To do ▸ Please write out the listing exactly, leaving each picture out.

Recorded data ▸
______
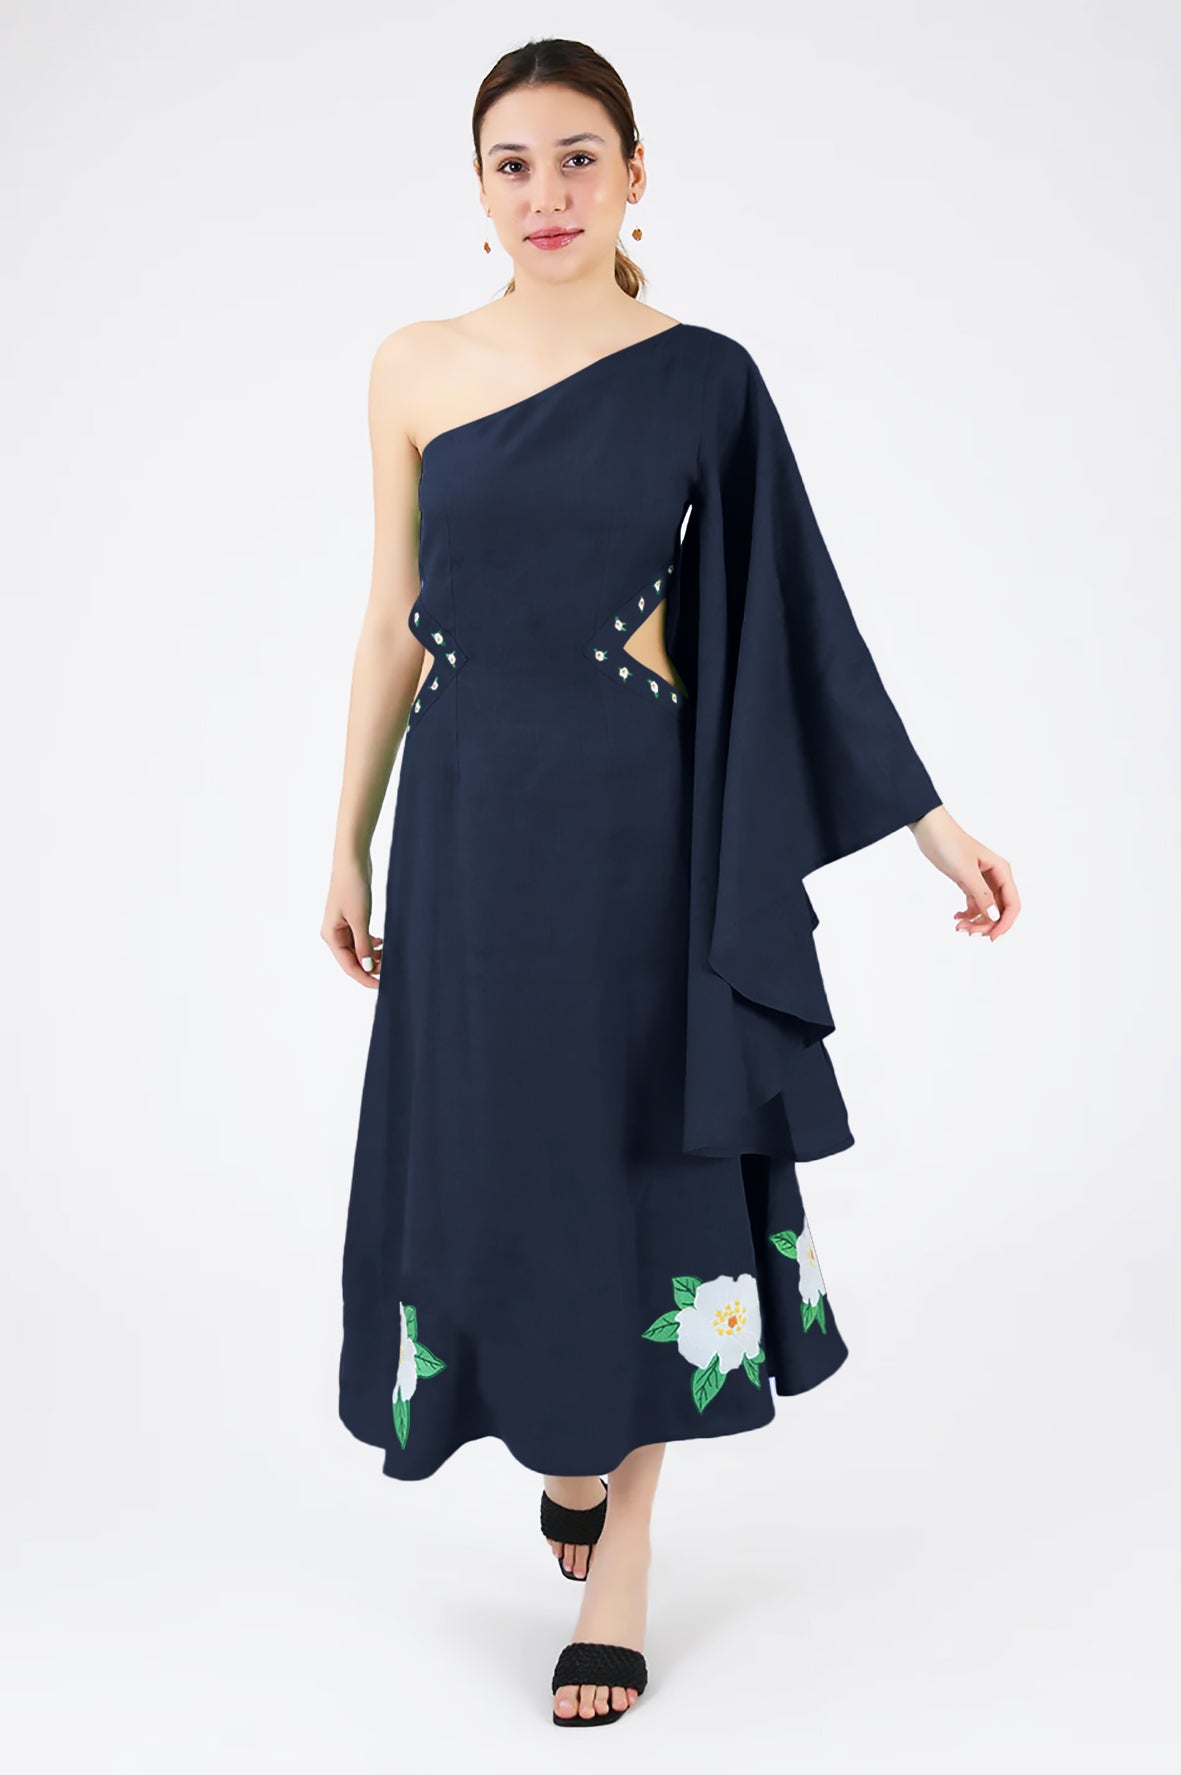 Narma Dress (Wanga Collection) in Indigo Blue
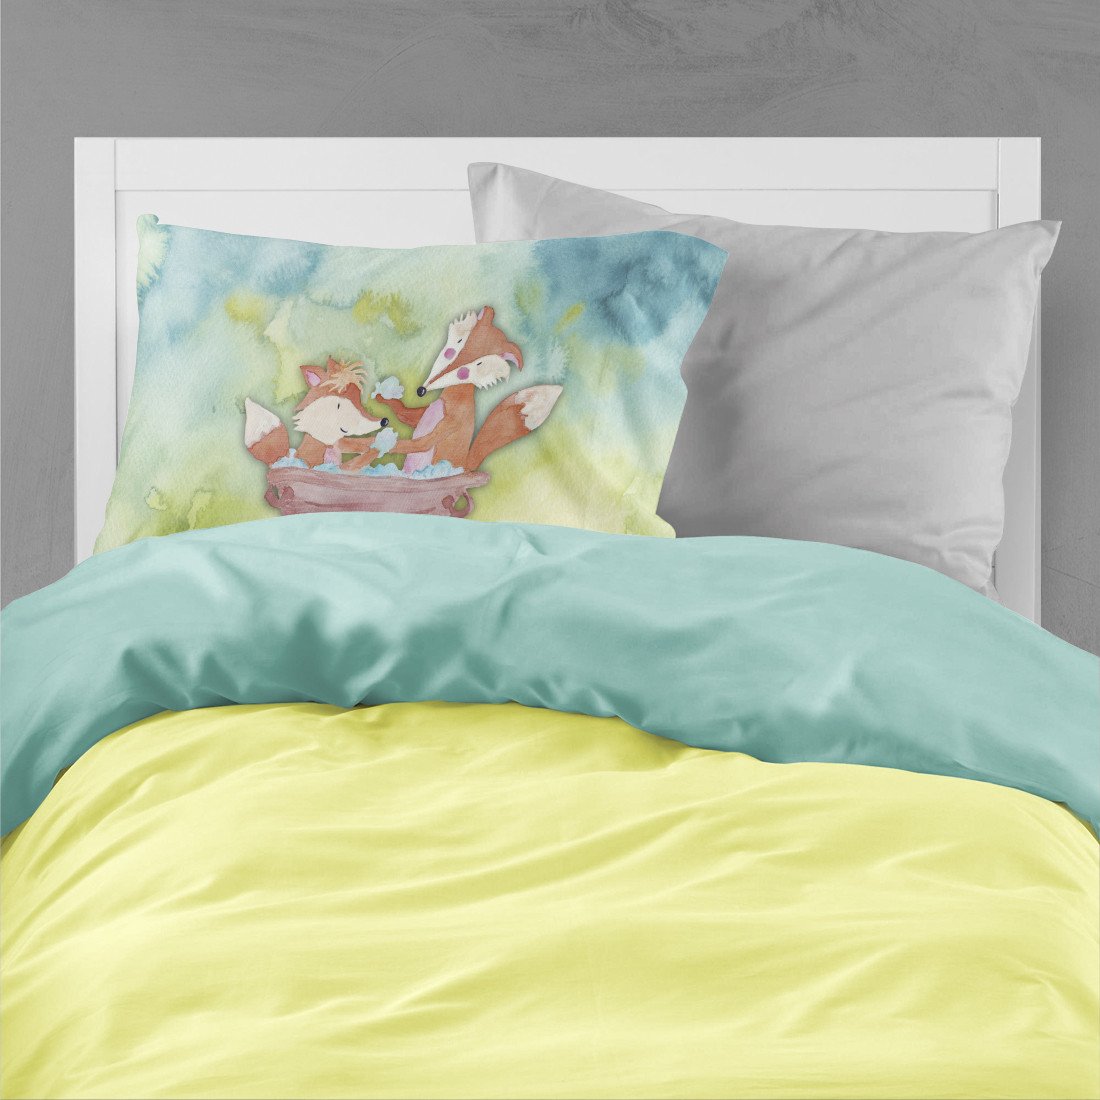 Foxes Bathing Watercolor Fabric Standard Pillowcase BB7350PILLOWCASE by Caroline's Treasures
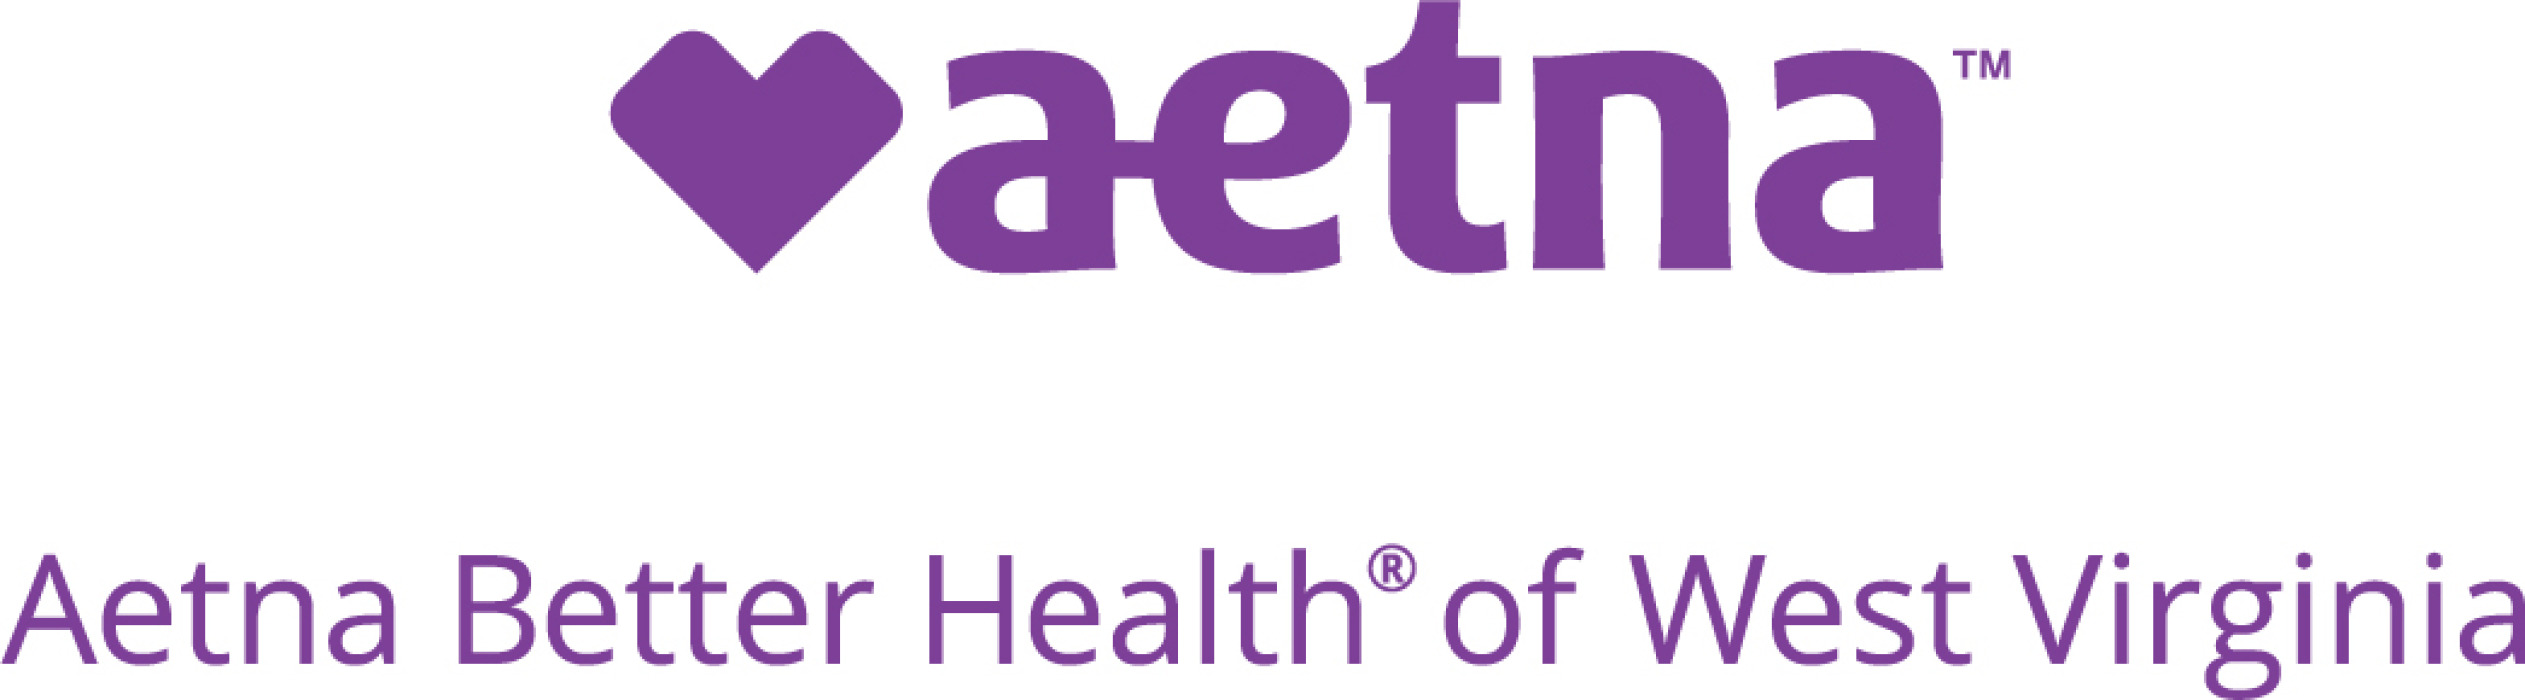 Aetna Better Health of West Virginia logo
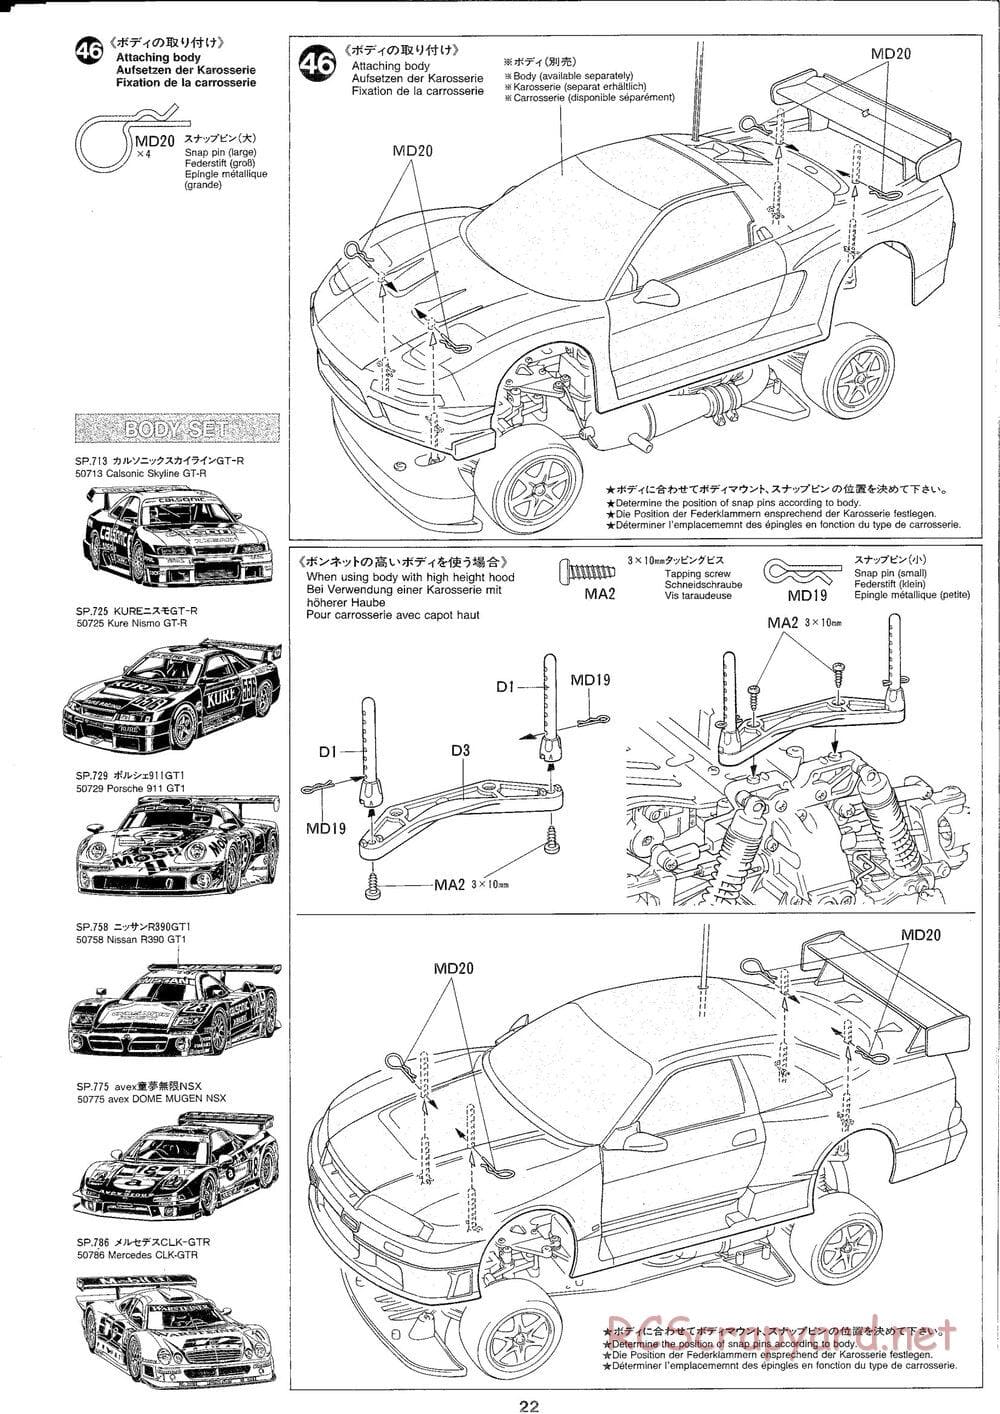 Tamiya - TGX Mk.1 TRF Special Chassis - Manual - Page 22
______
Response box ▸
 Narma Dress (Wanga Collection) in Indigo Blue
 Foxes Bathing Watercolor Fabric Standard Pillowcase BB7350PILLOWCASE by Caroline's Treasures
 Aetna Better Health of West Virginia logo
 Tamiya - TGX Mk.1 TRF Special Chassis - Manual - Page 22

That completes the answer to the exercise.